Jerry Brown’s pick for chief justice of the California Supreme Court was his former campaign chauffeur Rose Bird, only 40 years old and without judicial experience. She proved fully capable of elevating her own ideology above the law.

Bird heard 64 capital cases over 10 years, and never voted to uphold a death sentence. The cases included Theodore Frank, duly convicted of kidnaping, torturing, raping, murdering and mutilating two-year-old Amy Sue Seitz in 1978. Families of crime victims took notice.

In 1986, California voters booted Bird by a two-to-one margin. Voters also ousted Brown picks Cruz Reynoso and Joseph Grodin, state Supreme Court associate justices who sided with Bird on the death-penalty cases.

However, the people’s voice had no discernible effect on Brown, who still shows a soft spot for violent criminals.

In 2013, Daniel Marsh, 15, tortured, murdered, and mutilated Oliver Northup, 87, and his wife Claudia Maupin, 76, in their Davis home. Police described the crime as “exceptional depravity,” and the autopsy report runs more than 6,000 words. Tried as an adult, Marsh drew a sentence of 52 years to life, with a possibility of parole in his early 40s.
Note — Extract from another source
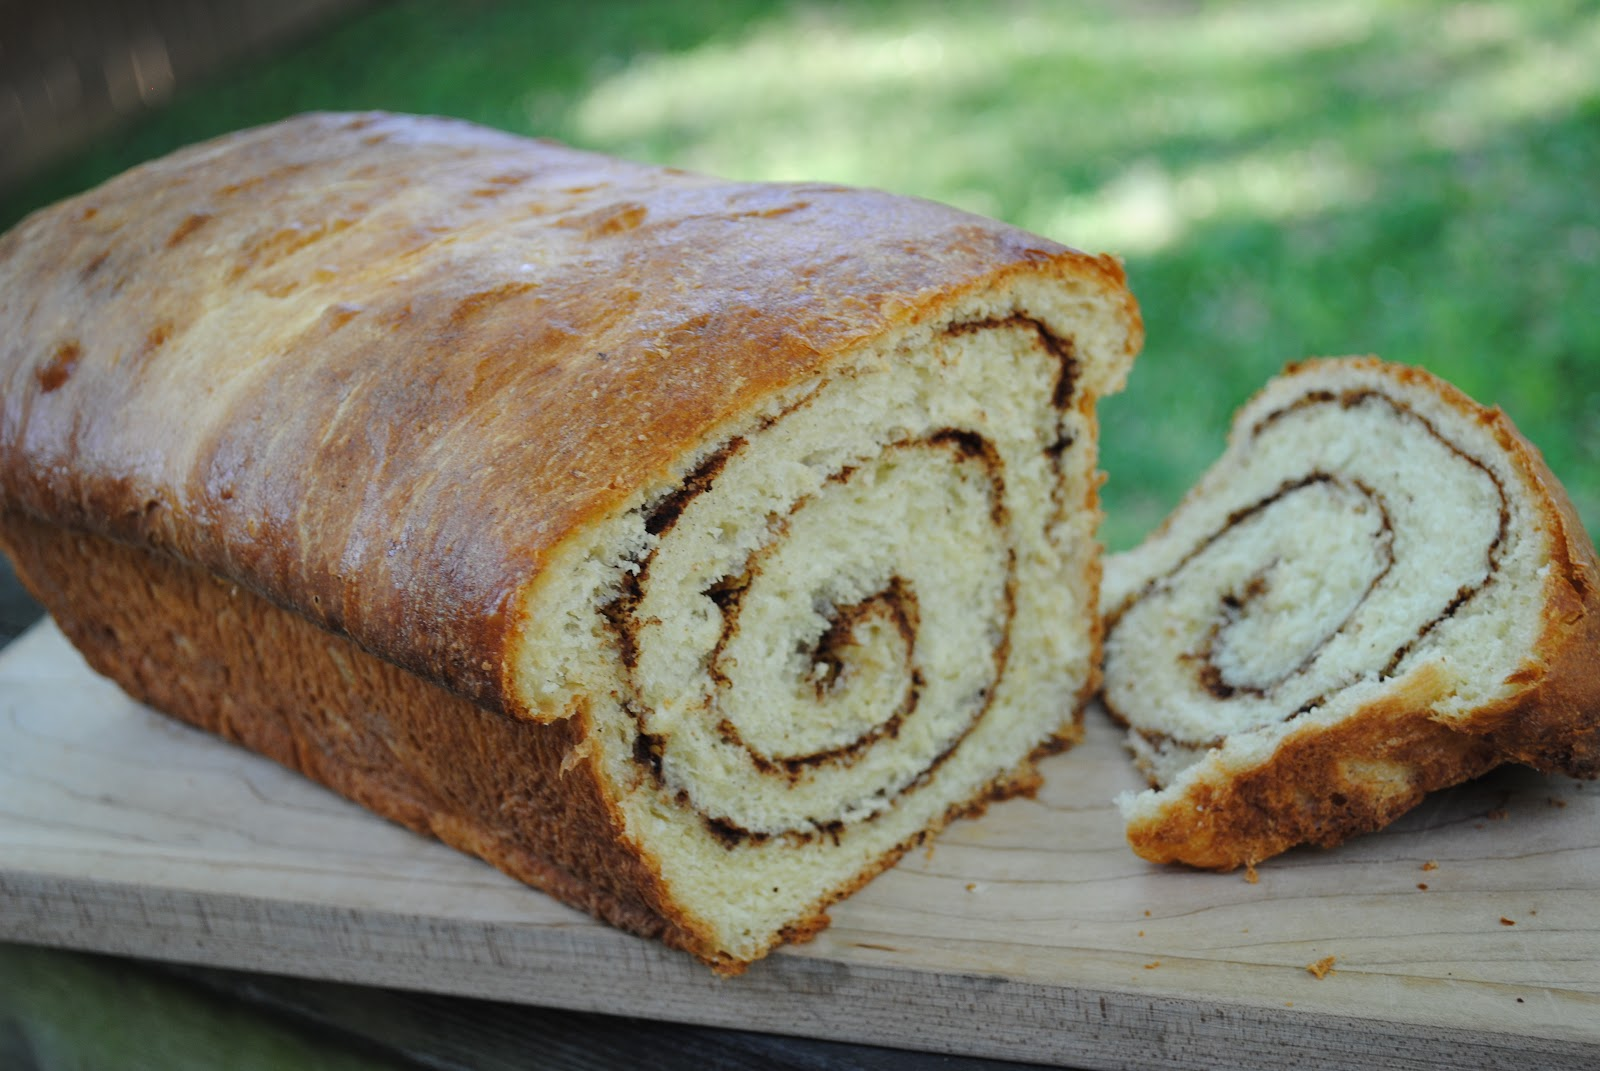 Minnesota Bread: Cinnamon Swirl Bread

Two years through his sentence, voters approved Proposition 57, barring prosecutors from filing juvenile cases in adult court. An appeal court applied the measure retroactively and reversed the murder conviction pending a “transfer hearing.”

If judged suitable for juvenile court, Marsh would be released at age 25. For the families of Northup and Maupin, the nightmare has returned.
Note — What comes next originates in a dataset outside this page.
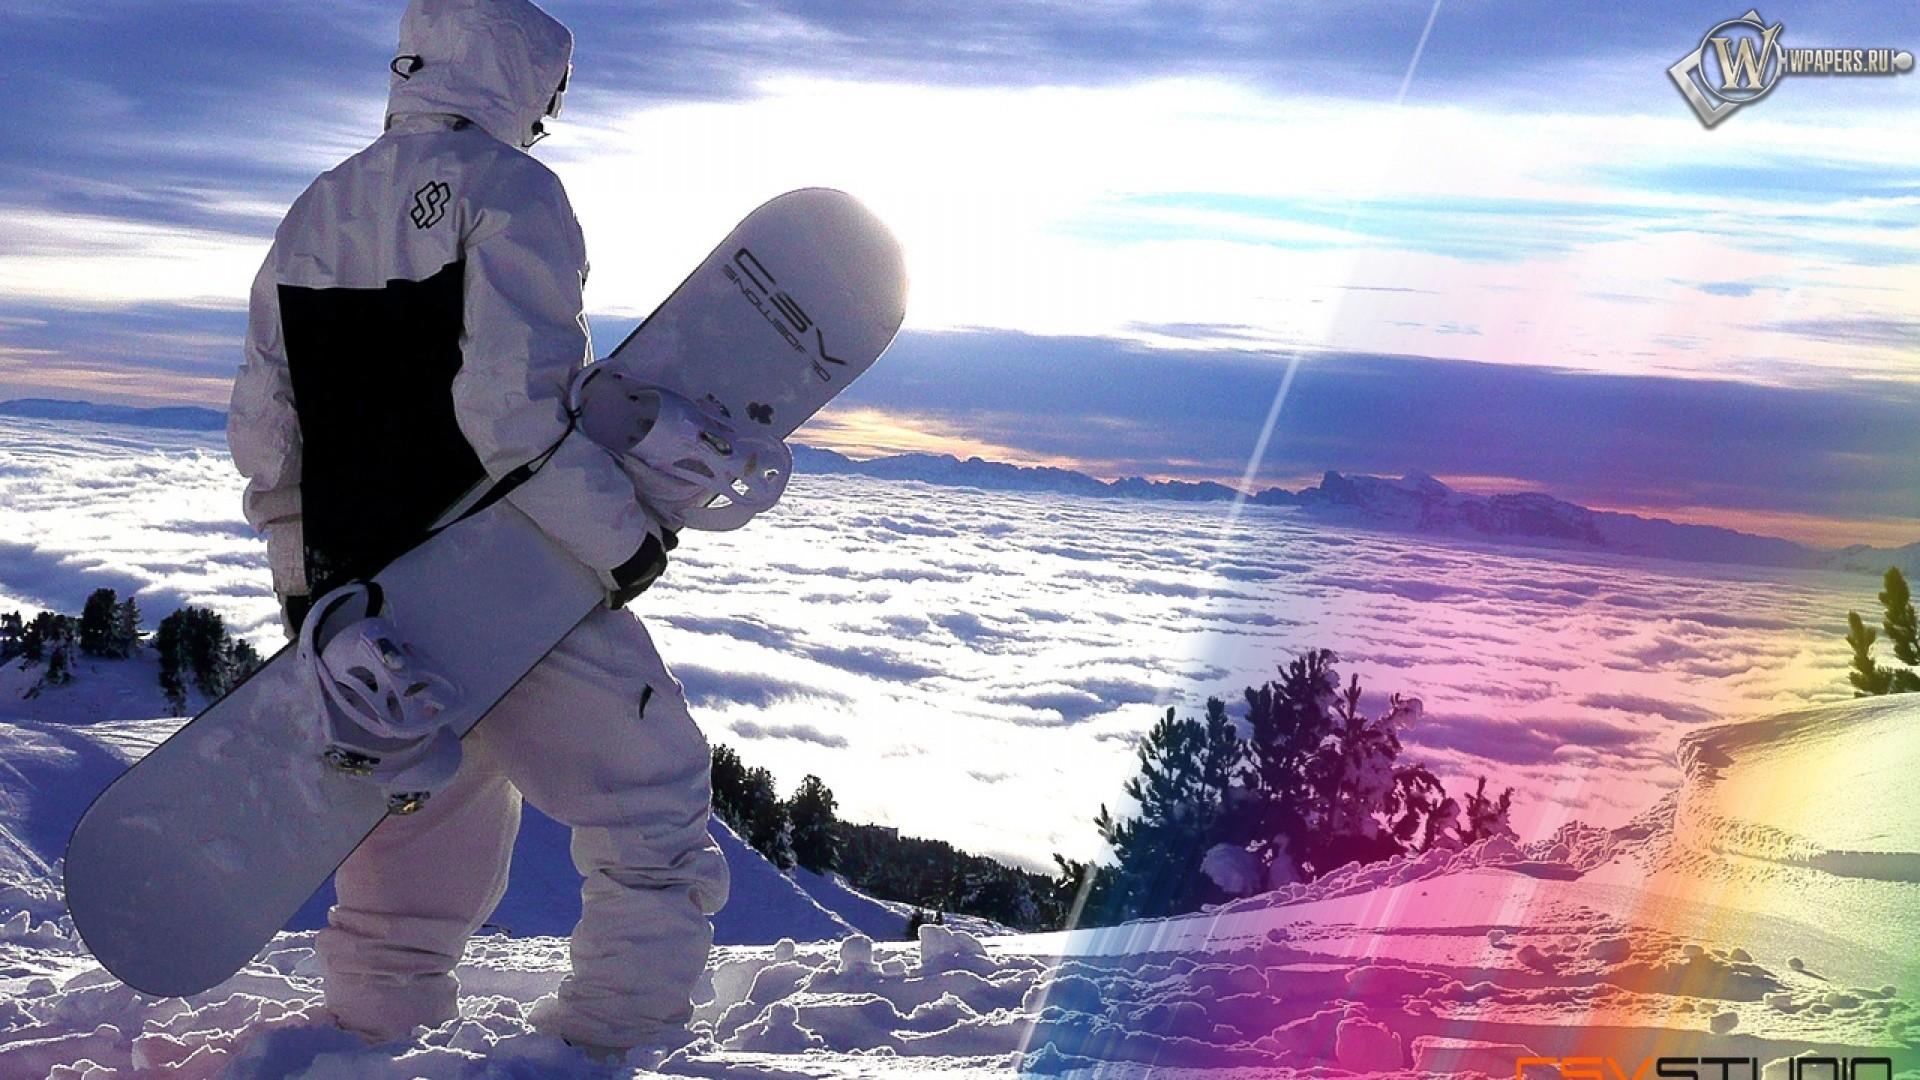 hd snowboarding wallpaper 72 images

In August 2018, the legislature passed Senate Bill 1391, which prohibited the prosecution of juvenile criminals aged 14 and 15 as adults. The Northup and Maupin relatives, along with four other families victimized by juvenile murderers, implored Brown to veto the measure.

“The opposition of certain crime victims and their families to this measure is intense,” Brown wrote in a Sept. 30 message, and “it has weighed on me.” Brown wrote that after he signed the legislation, so the victims didn’t weigh very heavily on the governor, who touted a “a more just system.”

Marsh’s hearing began the next day, and after more than a week of testimony, on Oct. 24, Yolo County judge Samuel McAdam reinstated Marsh’s sentence. At this writing, an extraordinary writ is pending with the appeal court. Whatever the ruling for Marsh, the judge charted what lies ahead after Jan. 1, when SB 1391 takes effect.

“It will soon be the law of California,” McAdam wrote, “that even a 15-year-old who commits a brutal double murder of strangers in his neighborhood will be adjudicated in juvenile court and not adult criminal court, without any weighing of factors.” The murderers will serve only until age 25, in comfy juvenile facilities.

As McAdam said of Marsh’s double murder, “it is reasonable for family members, neighbors, children in the community to live in some fear because of these crimes.”

That doesn’t weigh heavily on Jerry Brown, who has issued more than 1,100 pardons and in September commuted the life sentences of 20 murderers. He’s just as bad as ever when it comes to crime, and maybe worse.